Job runners

Job runners have already been mentioned in previous chapters about jobs and results. Here we sum up all that information and introduce a basic JobRunner object together with its subclass GridRunner which is meant for interacting with queueing systems that manage resources on computer clusters.

Job runners in PLAMS are very simple objects, both from user’s perspective and in terms of internal architecture. They have no methods that are meant to be called in your scripts, apart from constructors. Job runners are supposed to be created (with some parameters adjusting their behavior) and passed to the run() method as parameters (or placed as config.default_jobrunner).

Local job runner

class JobRunner(parallel=False, maxjobs=0, maxthreads=256)[source]

Class defining the basic job runner interface.
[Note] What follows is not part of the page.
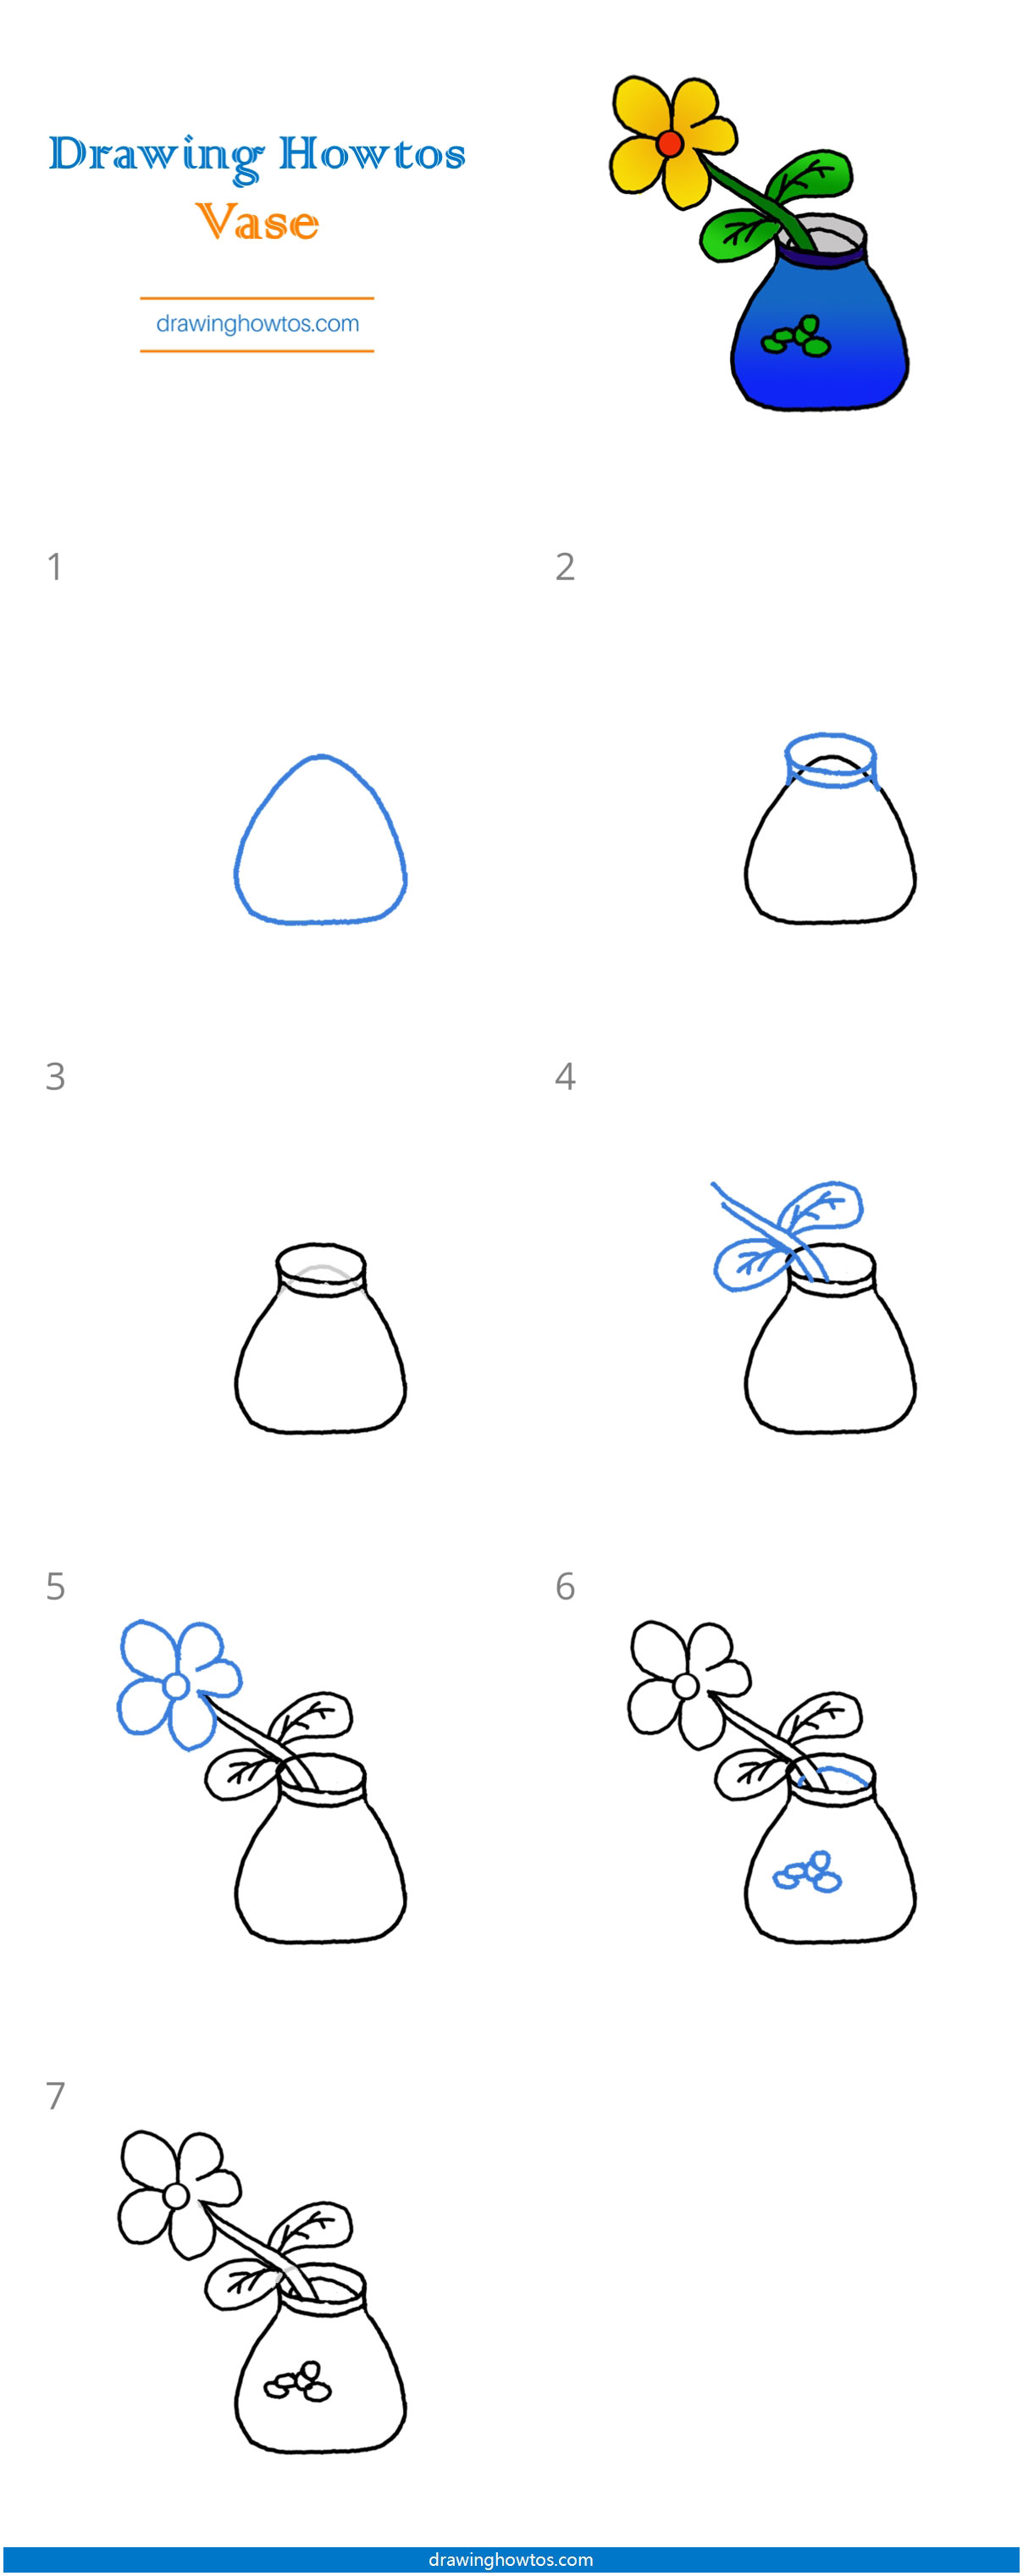 How to Draw a Vase Step by Step

Instances of this class represent local job runners – job runners that execute computational jobs on the current machine.

The goal of the job runner is to take care of two important things – parallelization and runscript execution:

  • When the method run() of any Job instance is executed, the control, after some initial preparations, is passed to a JobRunner instance. This JobRunner instance decides if a separate thread should be spawned for the job or if the execution should proceed in the current thread. This decision is based on the parallel attribute which can be set on JobRunner creation. There are no separate classes for serial and parallel job runner, both cases are covered by JobRunner depending on the parallel parameter.

  • If the executed job is an instance of SingleJob, it creates a runscript which contains most of the actual computational work (usually it’s just an execution of some external binary). The runscript is then submitted to a JobRunner instance using its call() method. This method executes the runscript as a separate subprocess and takes care of output and error streams handling, setting a proper working directory etc.

For a job runner with parallel execution enabled the number of simultaneously running jobs can be limited using the maxjobs parameter. If maxjobs is 0, no limit is enforced. If parallel is False, maxjobs is ignored. If parallel is True and maxjobs is a positive integer, a BoundedSemaphore of that size is used to limit the number of simultaneously running call() methods.

For a parallel JobRunner the maximum amount of threads started is limited by the maxthreads argument. As each job is running in a separate thread, this number necessarily acts as an upper limit for the number of jobs that can run in parallel. If the limit is exhausted, running further jobs with this JobRunner instance will block execution until another already running job thread terminates. The maxthreads limit should be set as large as possible, but not so large as to exceed any limits imposed by the operating system.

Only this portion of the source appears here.